Ärzte setzen auf Unterstützung der Landesregierung
Befürworter der Hausarztverträge ist nach eigenem Bekunden die baden-württembergische Landesregierung: Wir wollen auf keinen Fall den bisherigen Erfolg von Hausarztverträgen gefährden, so Sozialministerin Monika Stolz in einer Presseerklärung vom 14.09. Und weiter: Minister Rösler hat mir zugesichert, eine Rechtsänderung wohlwollend zu prüfen, nach der nicht nur bestehende Verträge Bestandsschutz genießen, sondern auch für neue Verträge höhere Vergütungen zulässig sind.
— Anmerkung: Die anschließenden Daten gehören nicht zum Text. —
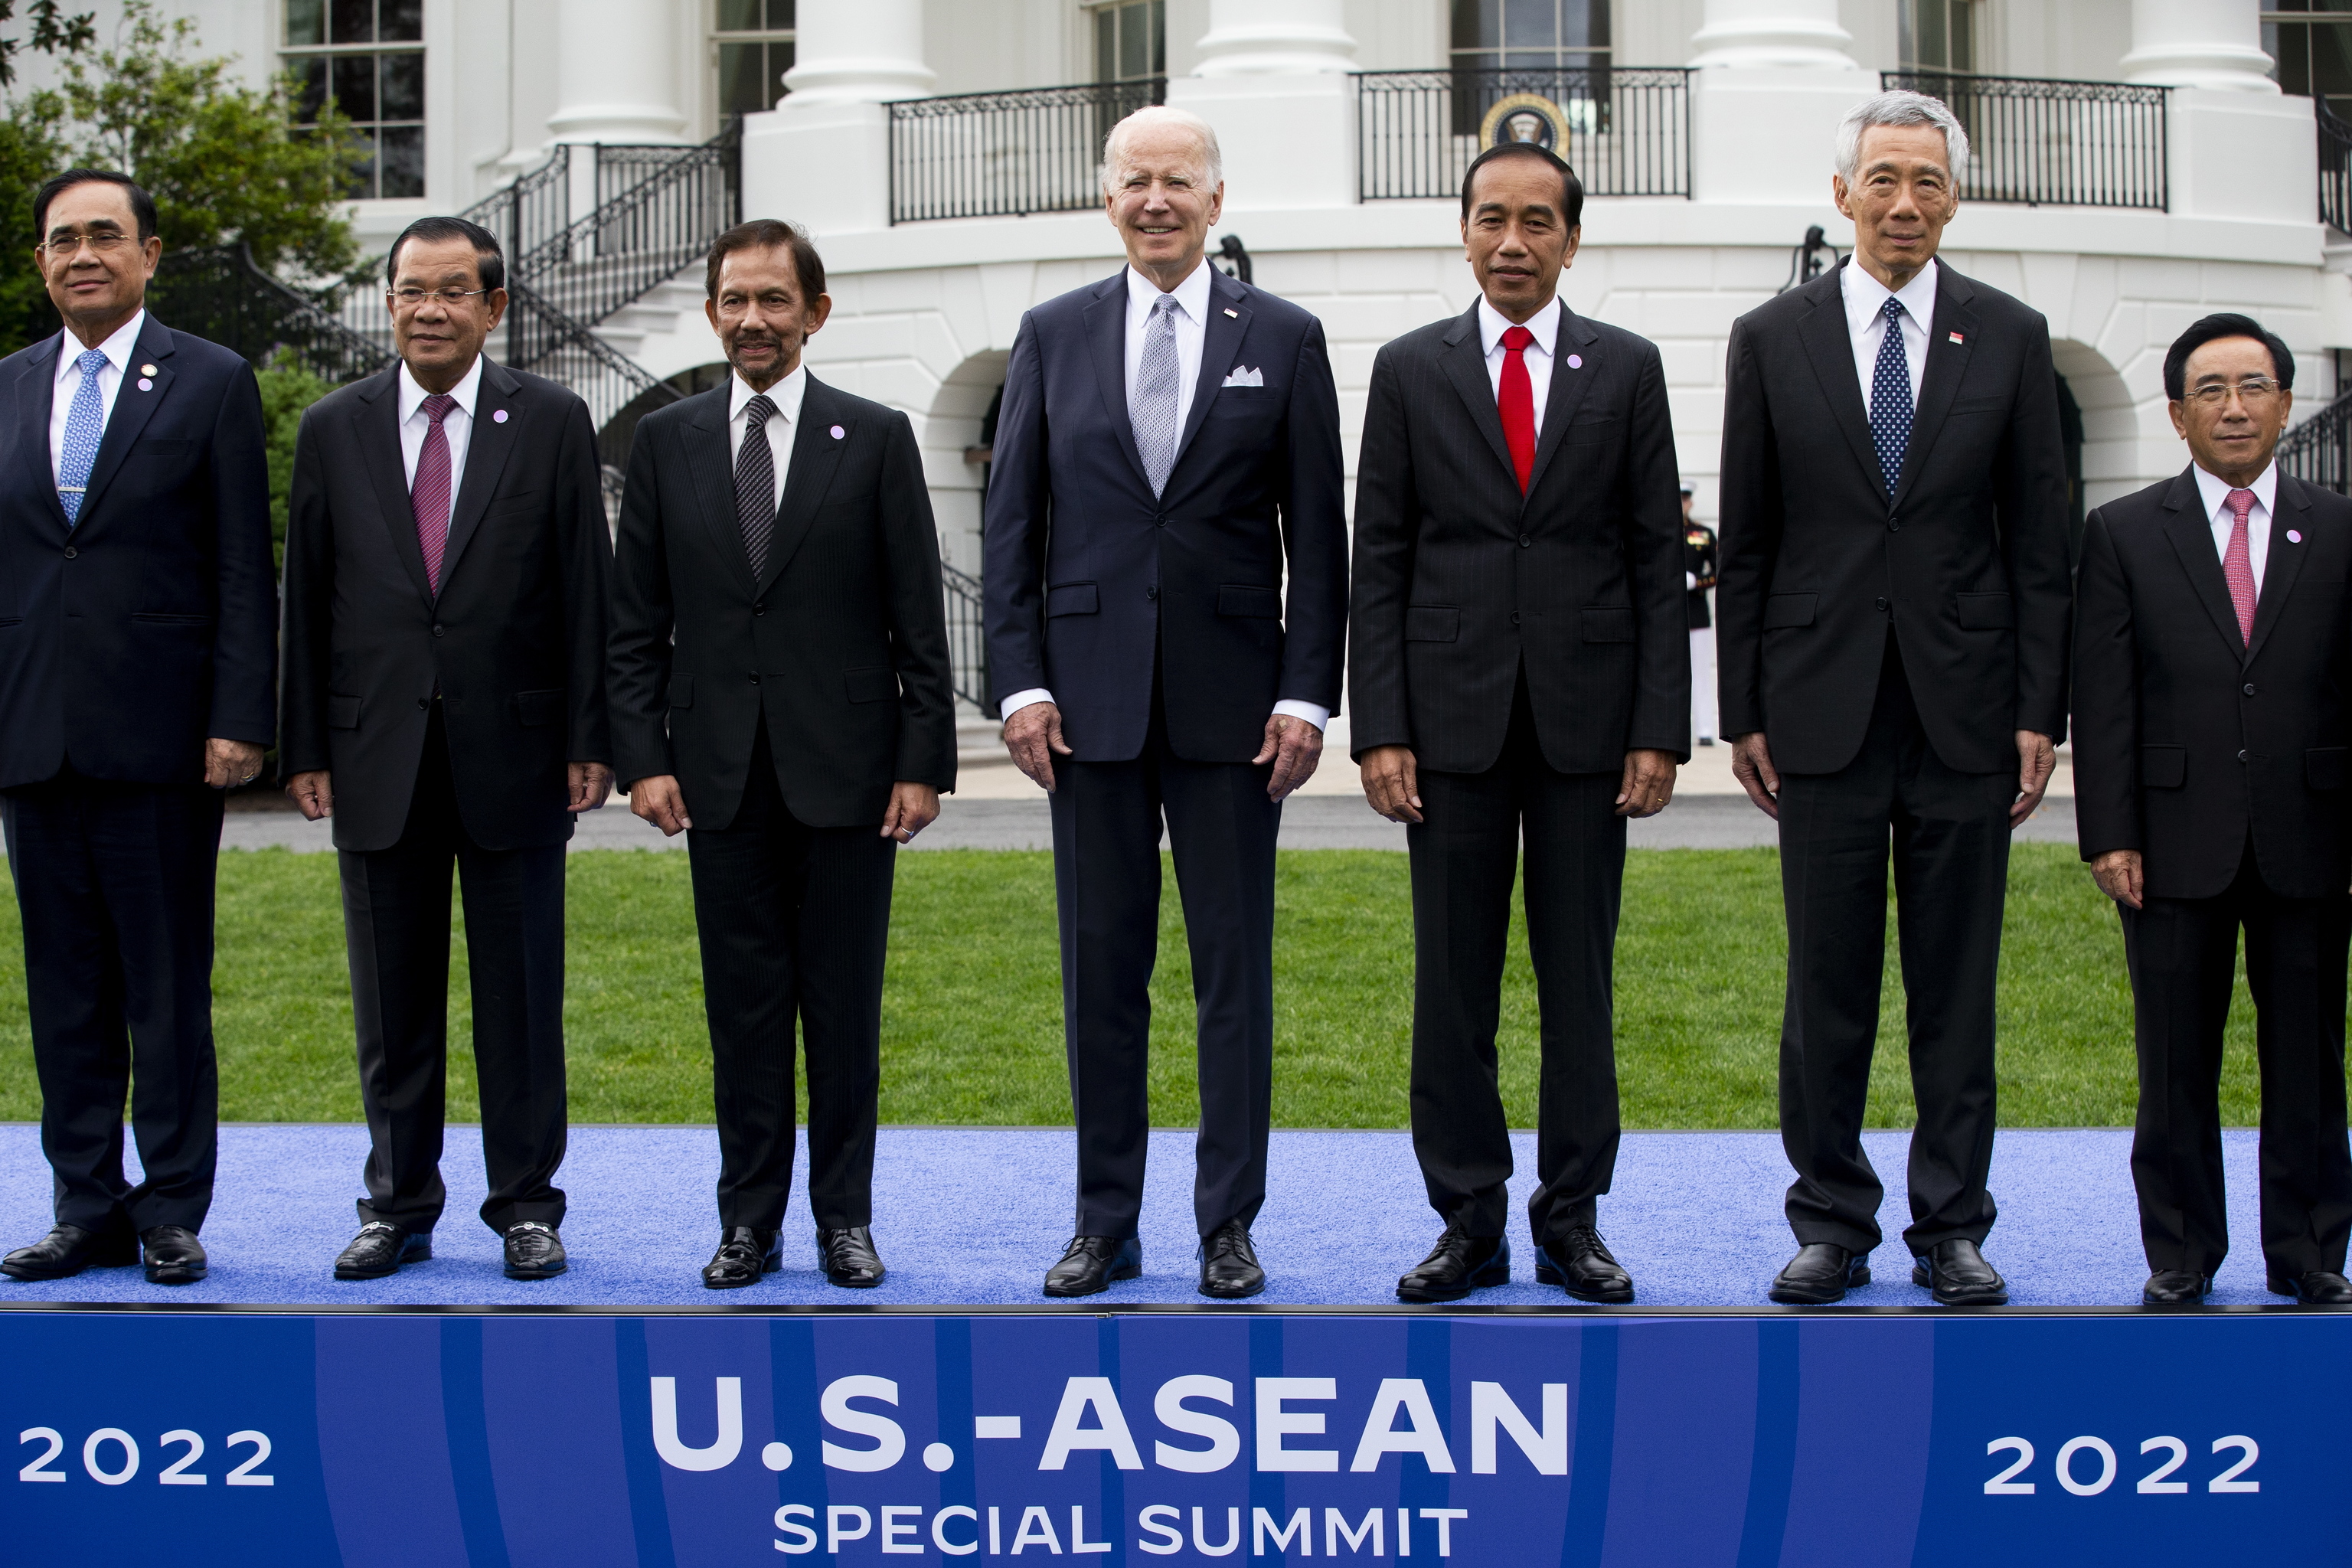 US President Joe Biden (center) poses for a family photo with ASEAN leaders.

Werner Baumgärtner und Berthold Dietsche freuen sich, dass der baden-württembergische Ministerpräsident und die Gesundheitsministerin für den Erhalt der Verträge einstehen. Wir erwarten, dass Frau Dr. Stolz und Herr Mappus sich in Berlin nachdrücklich dafür einsetzen, dass die Hausarztverträge unangetastet bleiben, betonen die beiden unisono.
AOK Baden-Württemberg steht zu Haus- und Facharztverträgen
Auf die Unterstützung ihres Vertragspartners AOK Baden-Württemberg können die niedergelassenen Ärzte im Südwesten zählen. AOK-Vorstandsvize Dr. Christopher Hermann, der am heutigen Aktionstag als Gastredner auftritt, bekräftigt: Noch in diesem Jahr werden über 1 Million Versicherte und rund 4.000 Hausärzte – auf freiwilliger Basis – an dem AOK-Hausarztprogramm teilnehmen. Deshalb sind wir entschlossen an den Selektivverträgen festzuhalten und setzen weiterhin auf eine enge und vertrauensvolle Partnerschaft mit den Ärzten. Und zwar unabhängig von der gesundheits-politischen Großwetterlage in Berlin. Im Zusammenspiel von Hausarztverträgen und Facharztverträgen setzt die Kasse auf eine bessere Versorgungsqualität ihrer Versicherten. Das Motto für unseren Hausarztvertrag lautet: Stethoskop statt Stift. Die Ärzte sollen ihre Zeit nicht mit Formularen, sondern mit ihren Patienten verbringen. Eine repräsentative Versichertenumfrage bestätigt, dass die Umsetzung dieser Zielsetzung bereits in kurzer Zeit gelungen ist. Sie zeigt eine deutlich empfundene Verbesserung der Patientenzufriedenheit. Erste Analysen zeigen ferner, dass die Versorgungsdaten unter anderem im Bereich der Prävention deutlich besser sind als in der Regelversorgung: So sind zum Beispiel die Check-Up-Quoten oder die Rate der Influenza-Impfungen bei den über 60-jährigen wesentlich höher als bei Versicherten, die nicht am AOK-Hausarztprogramm teilnehmen, so Hermann abschließend.